* Exercise requirements *
Exclude all pictures, then write out exactly the lines below from the first one through the line with "Da Gudda Jazz album По полам".

* Provided data *
Start of Block
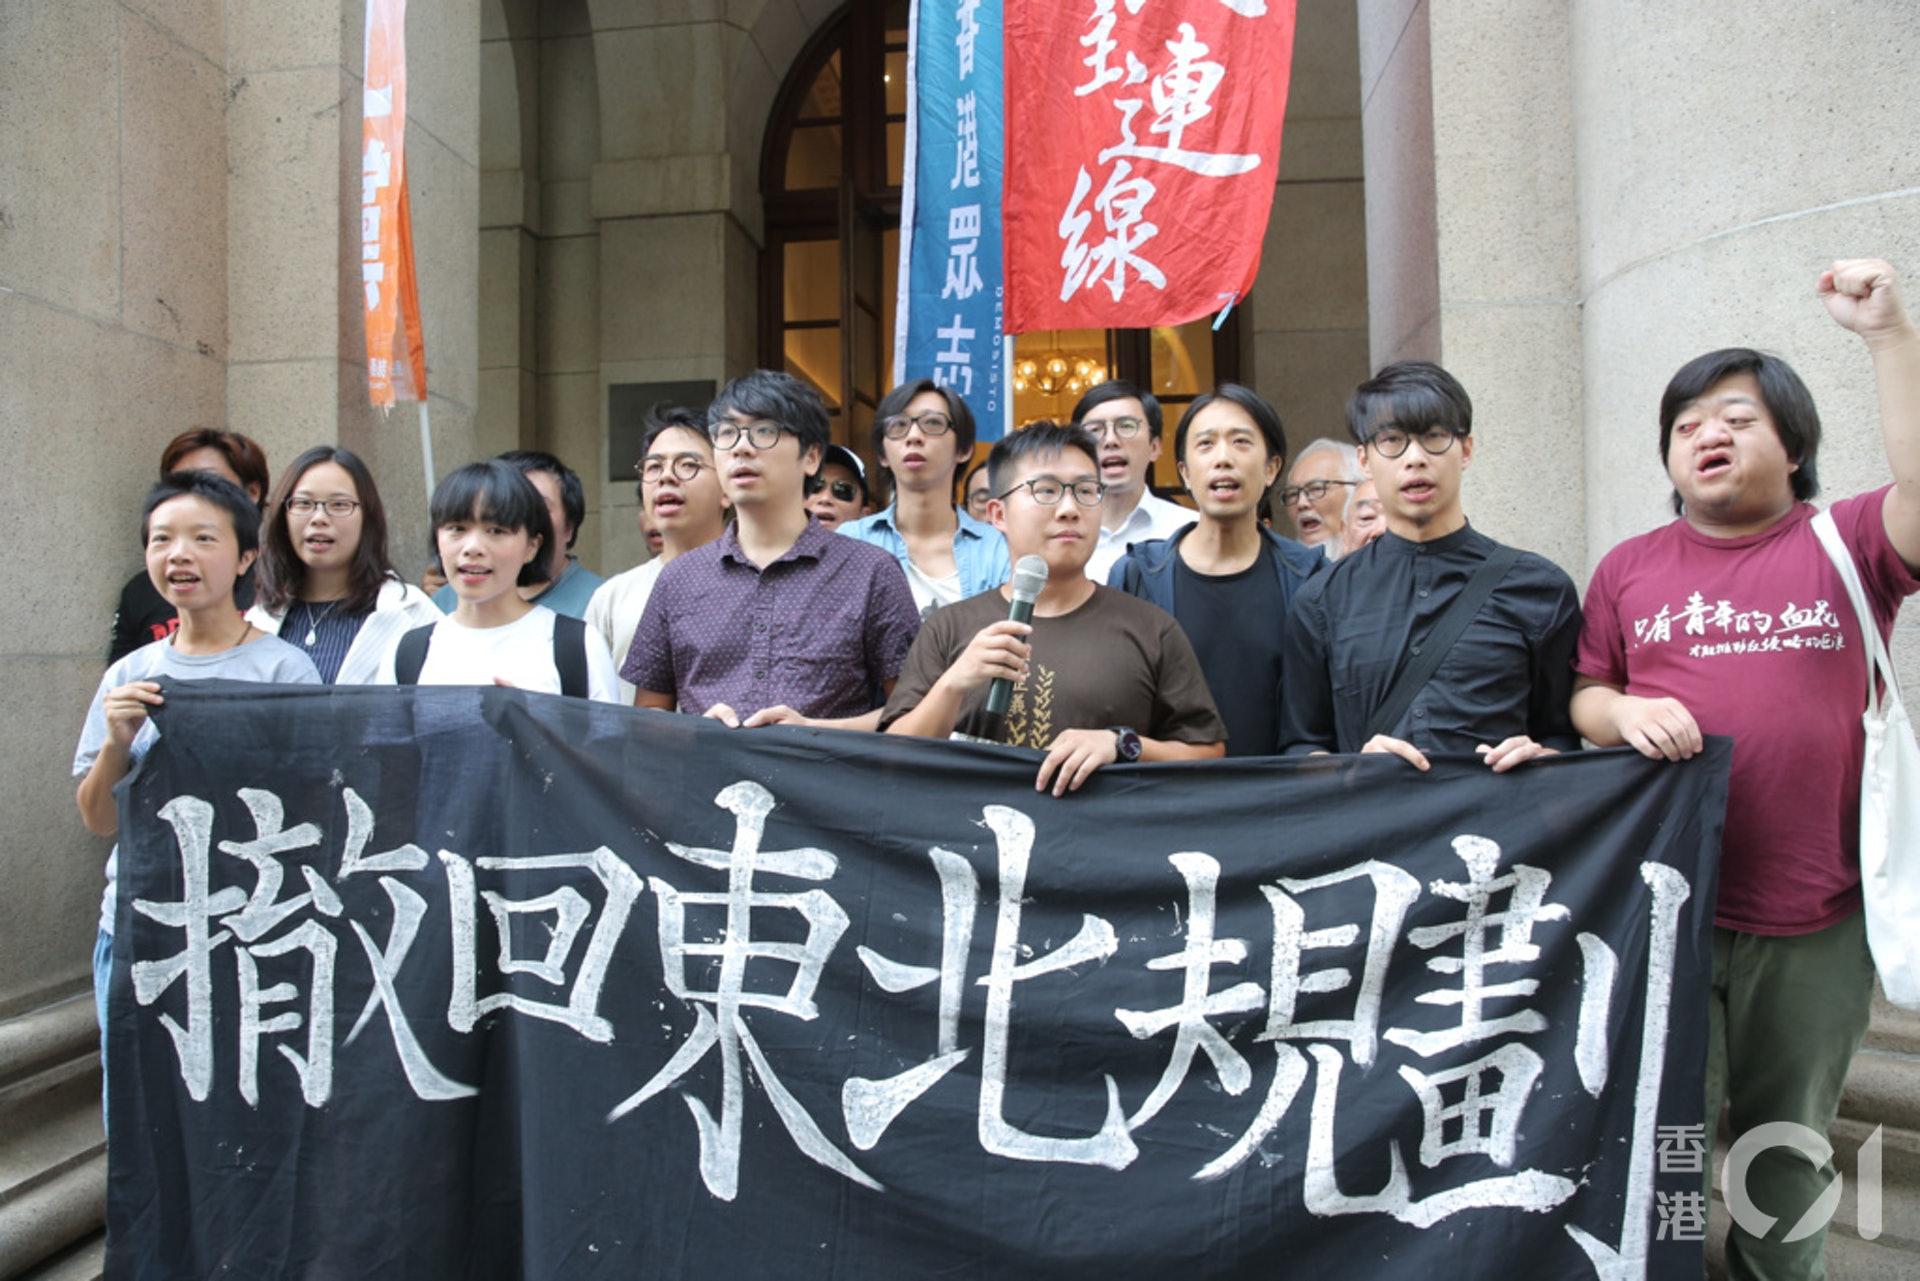 立法會財委會2014年審議新界東北前期工程撥款,大批示威者到場示威,被起訴後上訴得直。(資料圖片/林若勤攝)
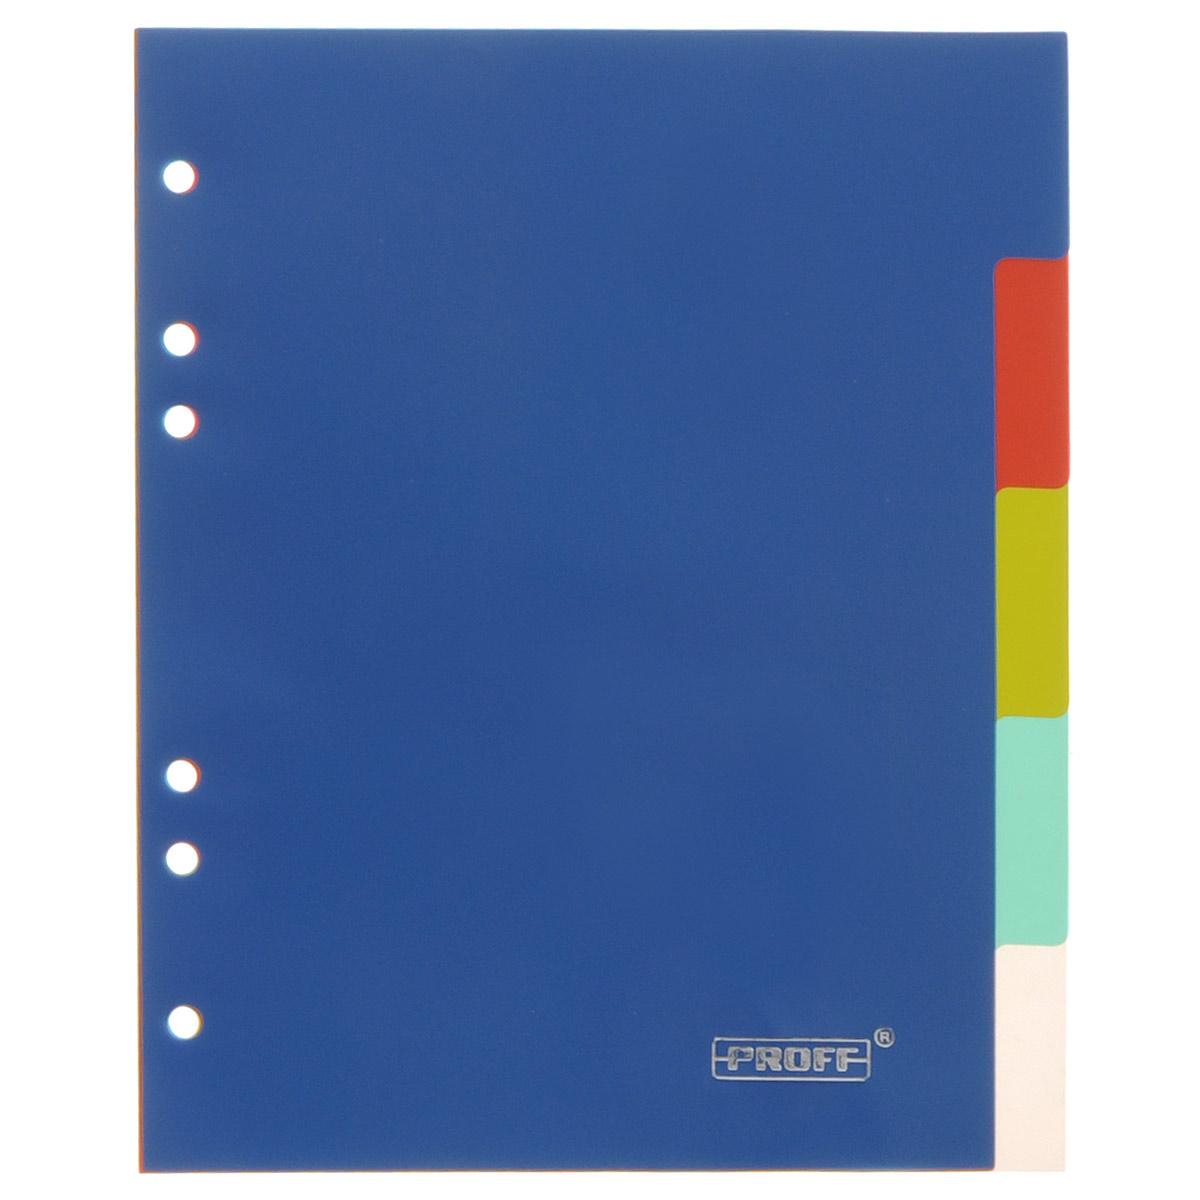 Набор разделителей листов Proff. Формат A5, 5 штPF ROZ A5-5Набор разделителей листов Proff, изготовленный из полипропилена, станет незаменимой канцелярской принадлежностью в вашей работе. Разделители разных цветов предназначены для учета, классификации и удобной систематизации документов формата А5 в архивных папках, папках-регистраторах, скоросшивателях. В набор входят 5 разделителей. Универсальная боковая перфорация, состоящая из 6 отверстий, позволяет использовать разделители в папках с различными механизмами подшивания.
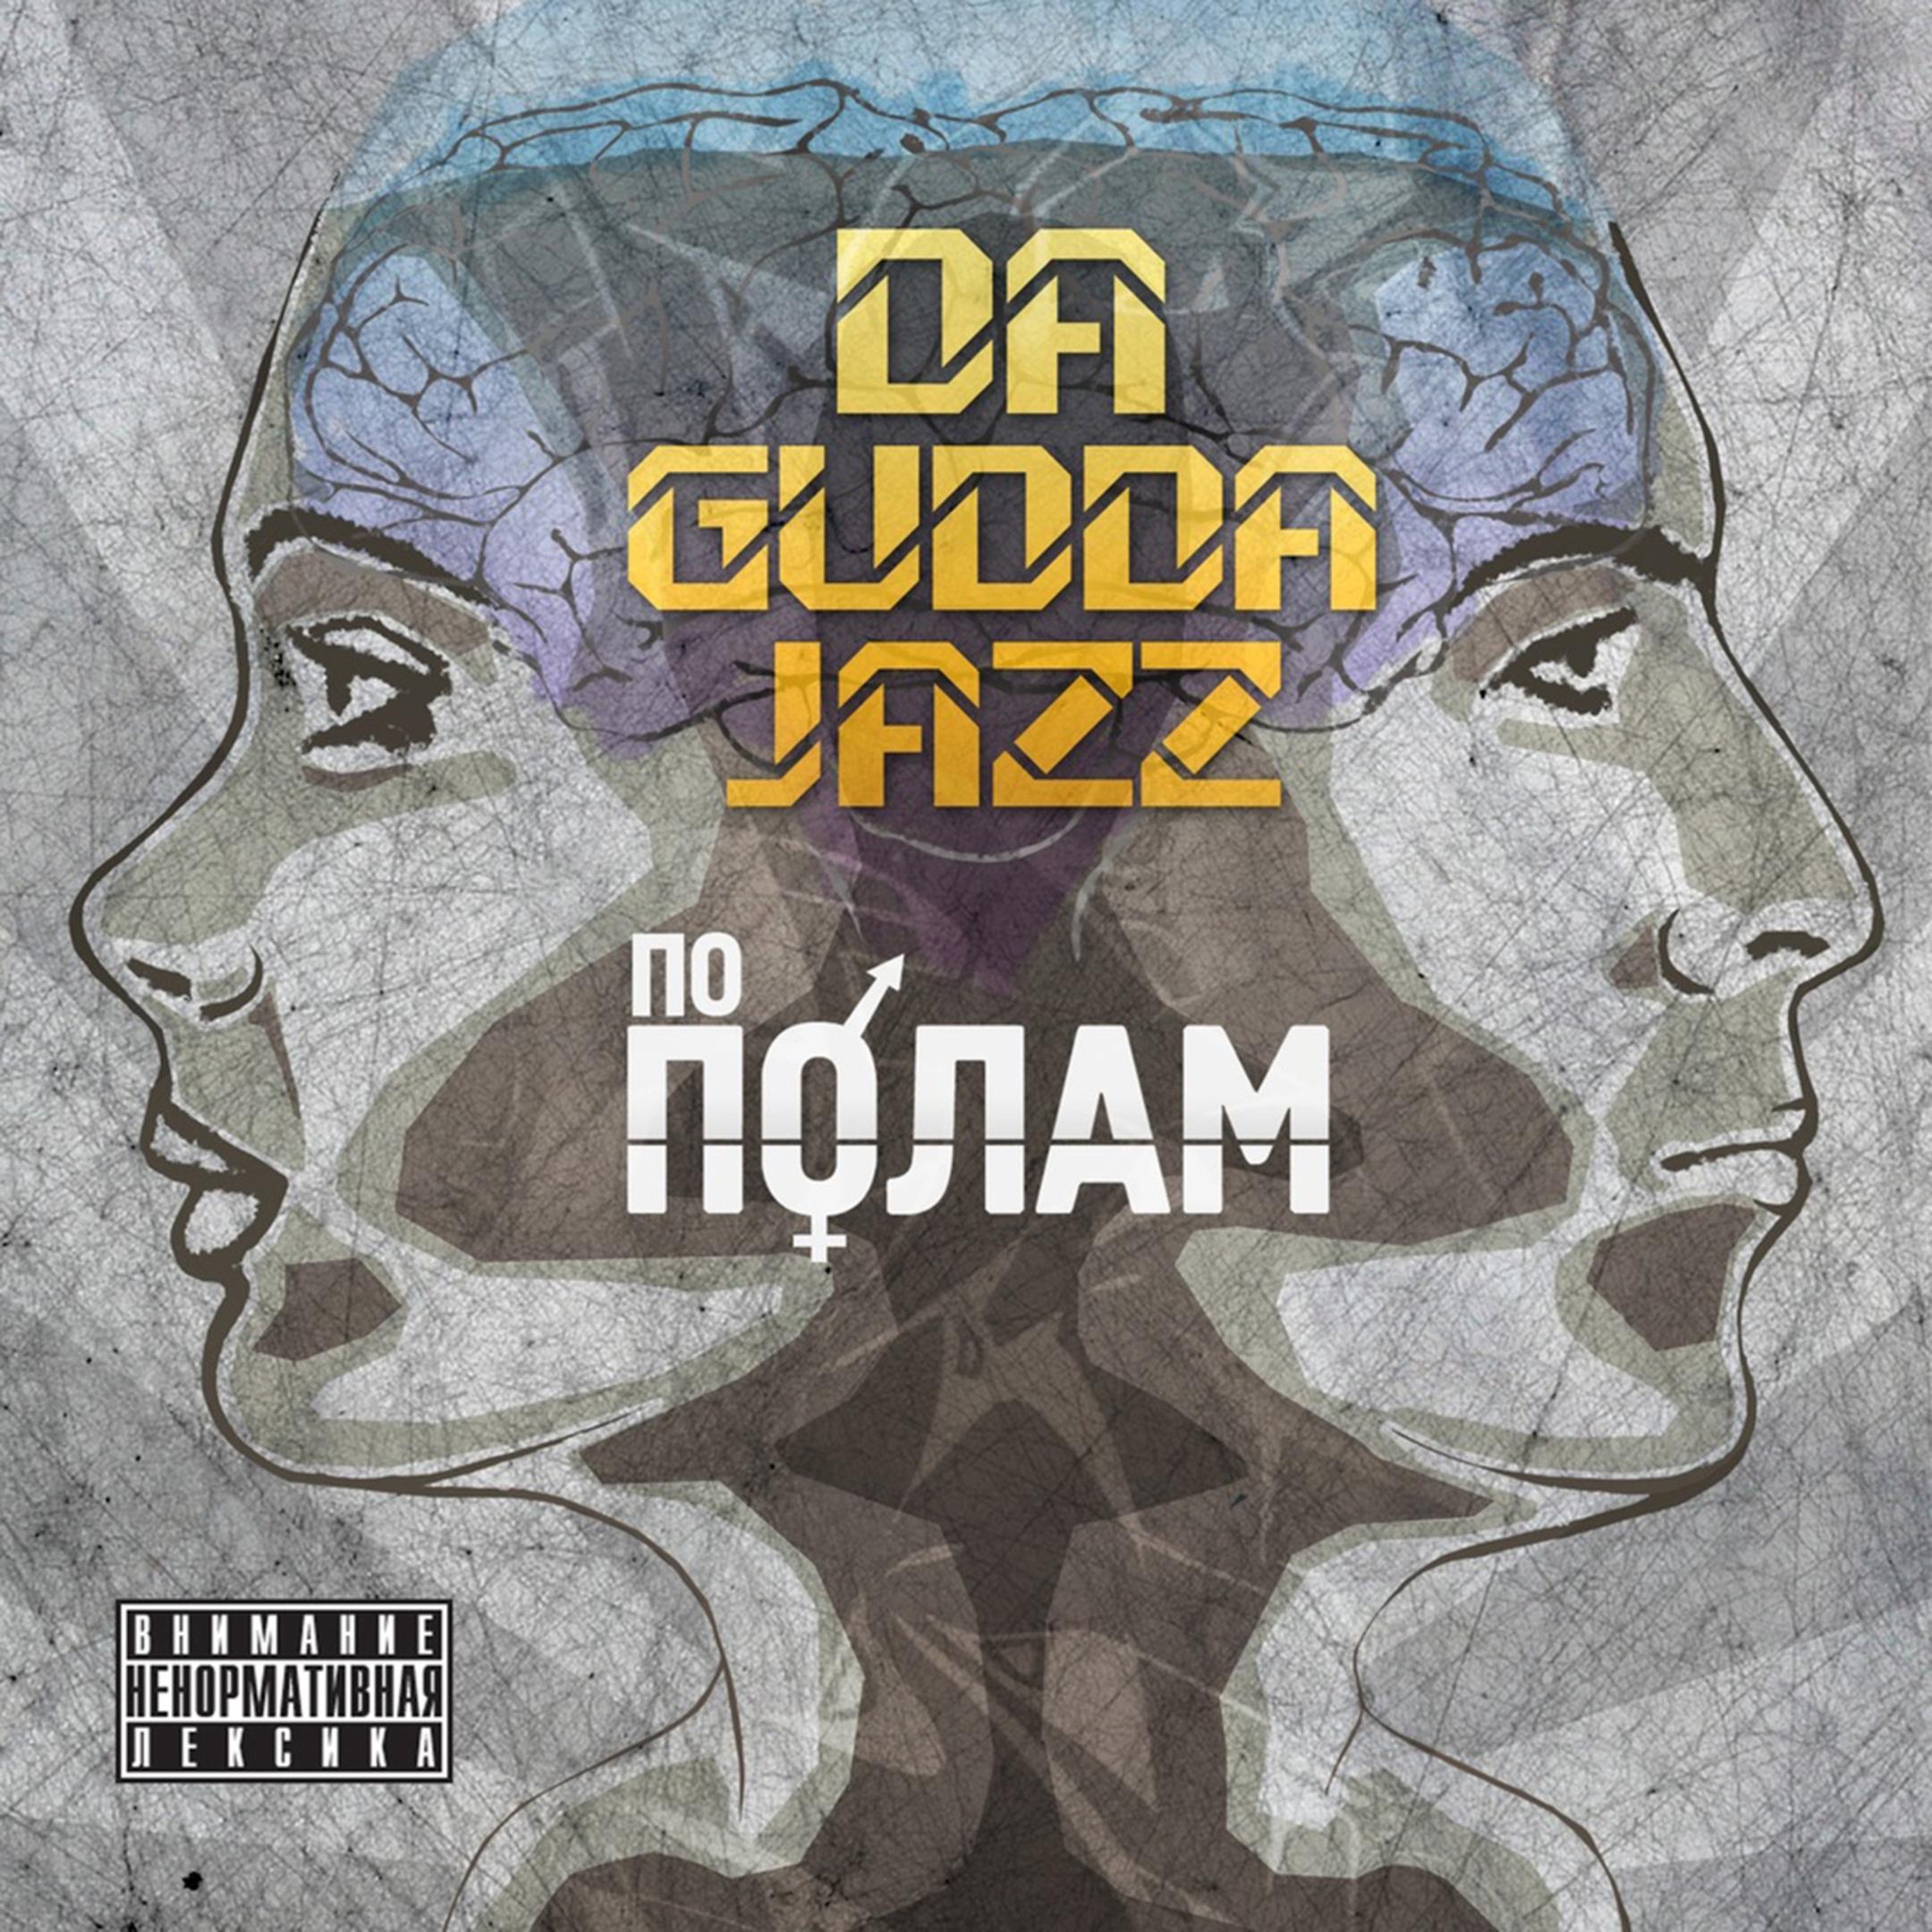 Da Gudda Jazz album По полам
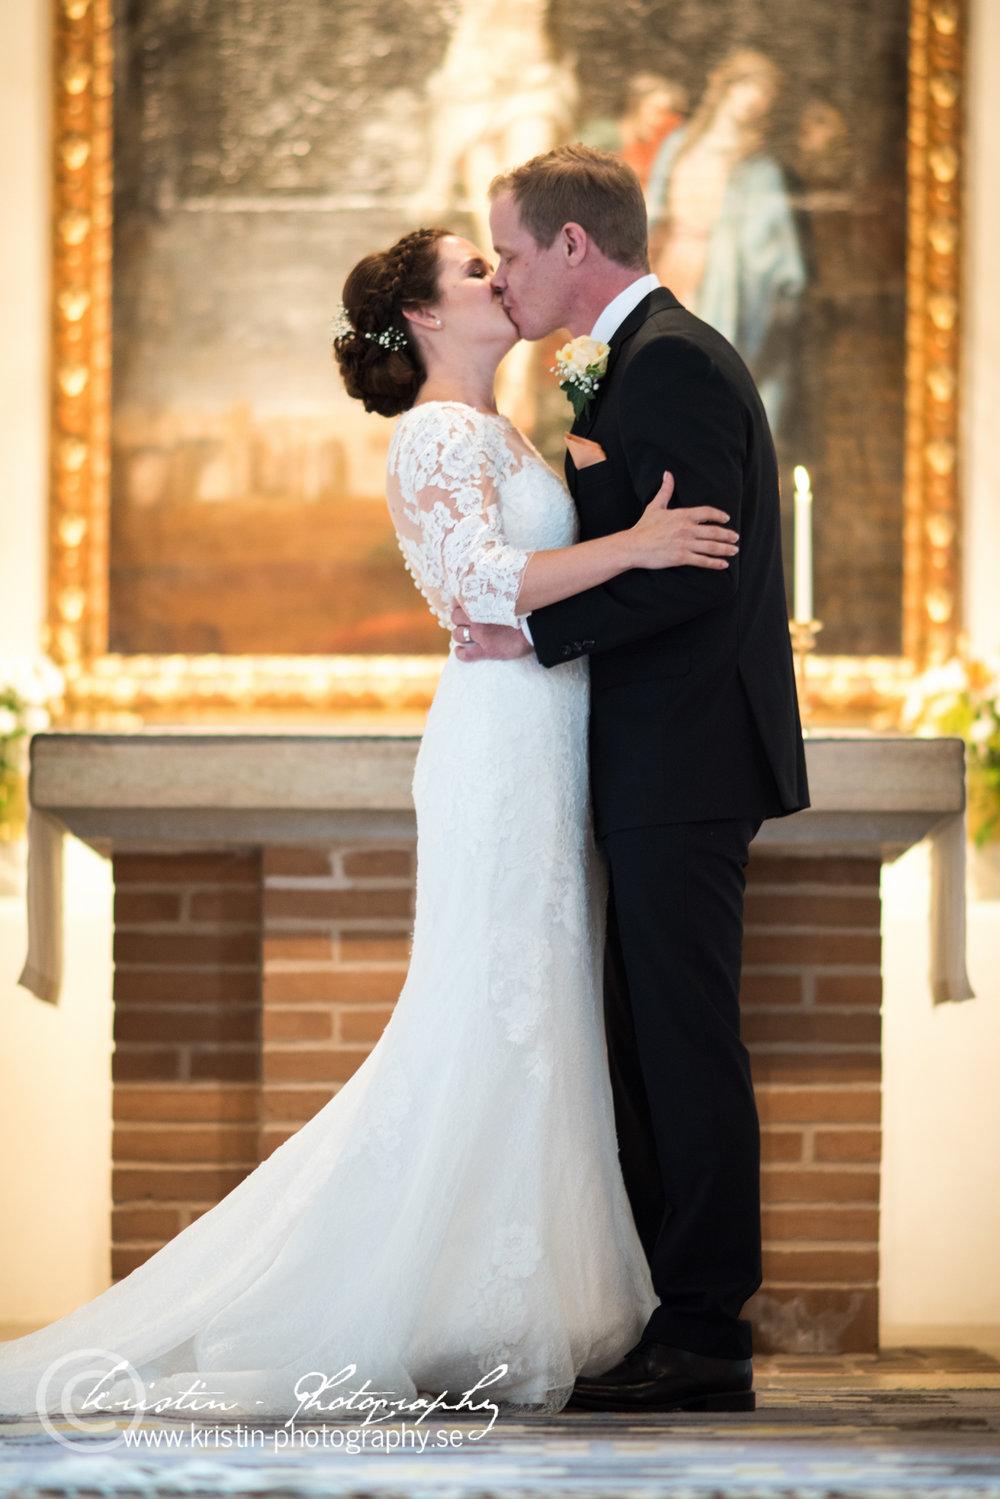 Bröllopsfotograf i Eskilstuna, Kristin - Photography, weddingphotographer -126.jpg
End of Block
* Response to this task *
 立法會財委會2014年審議新界東北前期工程撥款,大批示威者到場示威,被起訴後上訴得直。(資料圖片/林若勤攝)
 Набор разделителей листов Proff. Формат A5, 5 штPF ROZ A5-5Набор разделителей листов Proff, изготовленный из полипропилена, станет незаменимой канцелярской принадлежностью в вашей работе. Разделители разных цветов предназначены для учета, классификации и удобной систематизации документов формата А5 в архивных папках, папках-регистраторах, скоросшивателях. В набор входят 5 разделителей. Универсальная боковая перфорация, состоящая из 6 отверстий, позволяет использовать разделители в папках с различными механизмами подшивания.
 Da Gudda Jazz album По полам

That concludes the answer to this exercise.